Di tutti questi oggetti si fa la descrizione nel processo verbale.
Le scritture contabili dopo essere state vidimate dal giudice che procede devono essere depositate nella cancelleria del tribunale. Tuttavia il giudice delegato può autorizzare il curatore a trattenerle temporaneamente con l'obbligo di esibirle ad ogni legittima richiesta.
Art. 87 (Rimozione dei sigilli e inventario)
Il curatore deve chiedere nel più breve termine possibile al giudice l'autorizzazione a rimuovere i sigilli ed a fare l'inventario. A tali operazioni egli procede, secondo le norme stabilite dal codice di procedura civile, presenti o avvisati il fallito e il comitato dei creditori, se esiste, con l'assistenza del cancelliere del tribunale o della pretura, che ne redige processo verbale. Possono intervenire i creditori.
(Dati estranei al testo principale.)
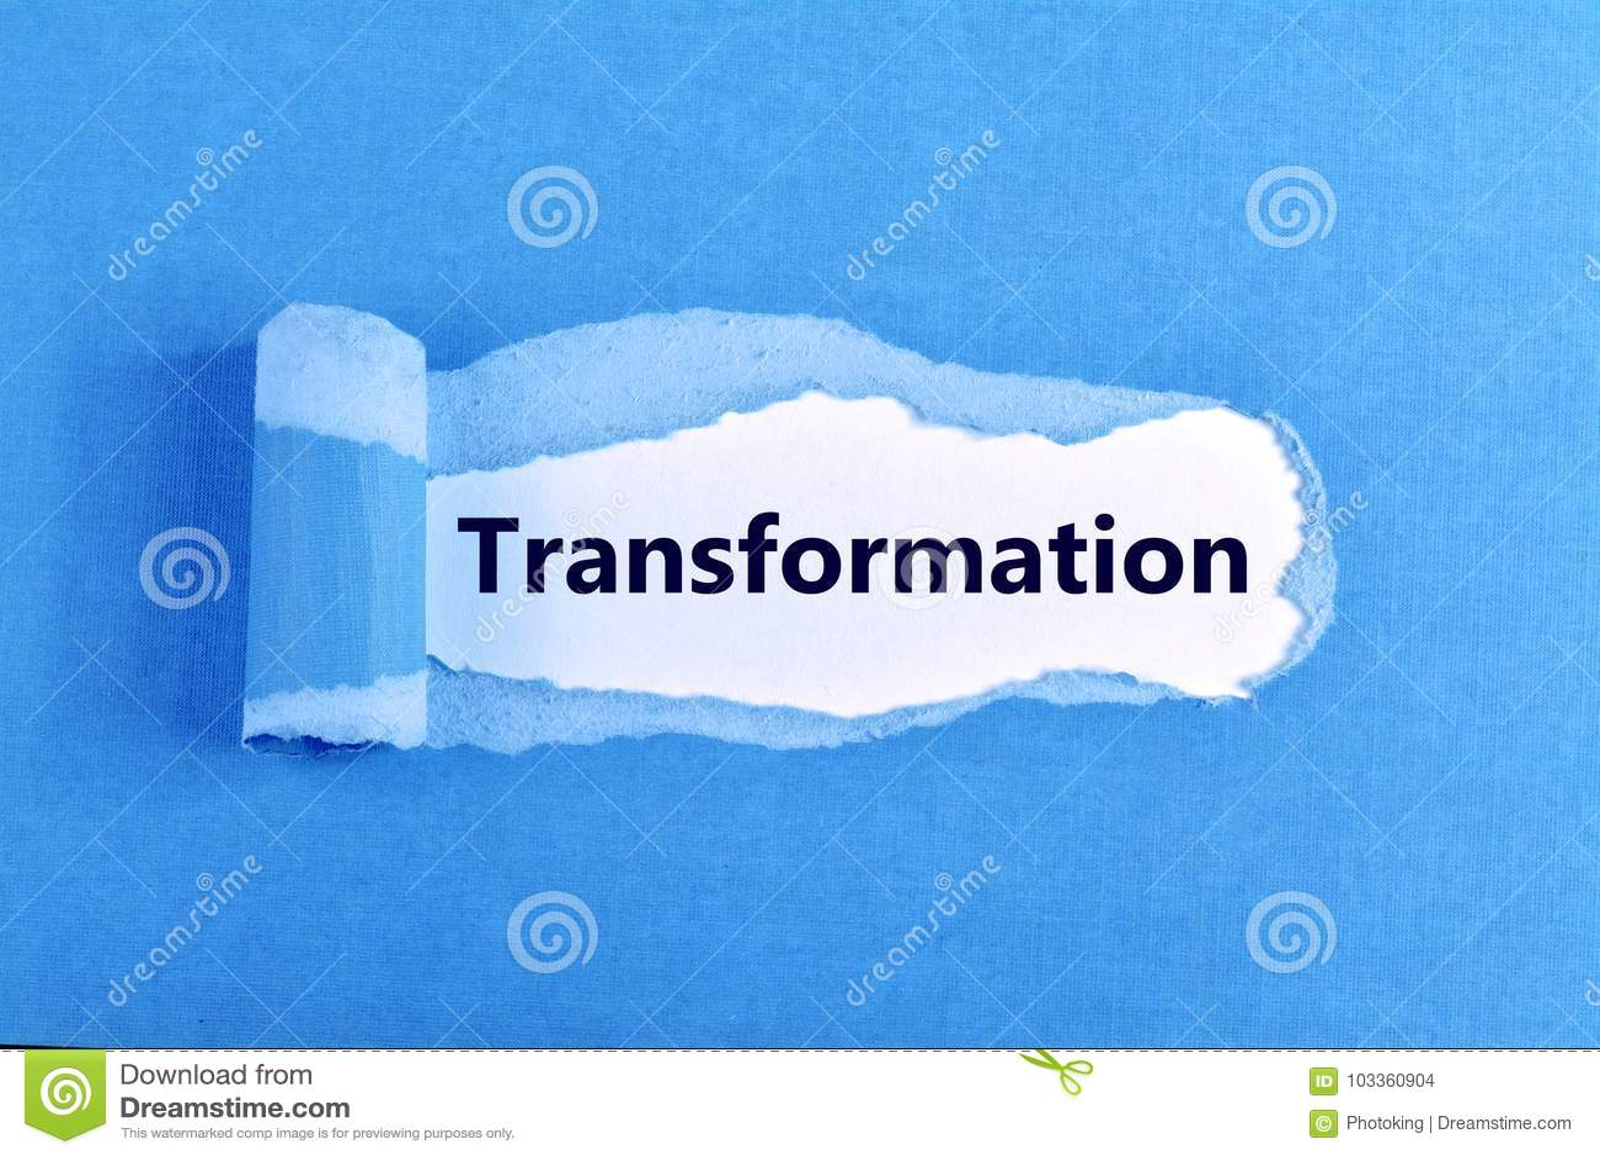 Transformation word

Il giudice delegato può prescrivere speciali norme e cautele per l'inventario e, quando occorre, nomina uno stimatore.
Prima di chiudere l'inventario il curatore invita il fallito o, se si tratta di società, gli amministratori a dichiarare se hanno notizia che esistano altre attività da comprendere nell'inventario, avvertendoli delle pene stabilite dall'Art. 220 in caso di falsa o omessa dichiarazione.
L'inventario è redatto in doppio originale e sottoscritto da tutti gli intervenuti. Uno degli originali deve essere depositato nella cancelleria del tribunale.
Art. 88 (Presa in consegna dei beni del fallito da parte del curatore)
Il curatore prende in consegna i beni di mano in mano che ne fa l'inventario insieme con le scritture contabili e i documenti del fallito.
Se il fallito possiede immobili o altri beni soggetti a pubblica registrazione, il curatore notifica un estratto della sentenza dichiarativa di fallimento ai competenti uffici, perché sia annotato nei pubblici registri.
Art. 89 (Elenchi dei creditori e dei titolari di diritti reali mobiliari e bilancio) Il curatore, con la scorta delle scritture contabili del fallito e delle altre notizie che può raccogliere, deve compilare l'elenco dei creditori, con l'indicazione dei rispettivi crediti e diritti di prelazione, nonché l'elenco di tutti coloro che vantano diritti reali mobiliari su cose in possesso del fallito, con l'indicazione dei titoli relativi. Gli elenchi sono depositati in cancelleria.
Il curatore deve inoltre redigere il bilancio dell'ultimo esercizio, se non è stato presentato dal fallito nel termine stabilito, ed apportare le rettifiche necessarie e le eventuali aggiunte ai bilanci e agli elenchi presentati dal fallito a norma dell'Art. 14.
Art. 90 (Esercizio provvisorio)
Dopo la dichiarazione di fallimento il tribunale può disporre la continuazione temporanea dell'esercizio dell'impresa del fallito, quando dall'interruzione improvvisa può derivare un danno grave e irreparabile.
Dopo il decreto previsto dall'Art. 97, il comitato dei creditori deve pronunciarsi sull'opportunità di continuare o di riprendere in tutto o in parte l'esercizio della impresa del fallito indicandone le condizioni. La continuazione o la ripresa può esser disposta dal tribunale solo se il comitato dei creditori si è pronunciato favorevolmente.
Se è disposto l'esercizio provvisorio a norma del comma precedente, il comitato dei creditori è convocato dal giudice delegato almeno ogni due mesi per essere informato dal curatore sull'andamento della gestione e per pronunciarsi sulla opportunità di continuare l'esercizio. Il tribunale può ordinare la cessazione dell'esercizio provvisorio se il comitato dei creditori ne fa richiesta, ovvero se in qualsiasi momento ne ravvisa l'opportunità.
Il tribunale provvede in ogni caso con decreto in camera di consiglio non soggetto a reclamo sentito il curatore.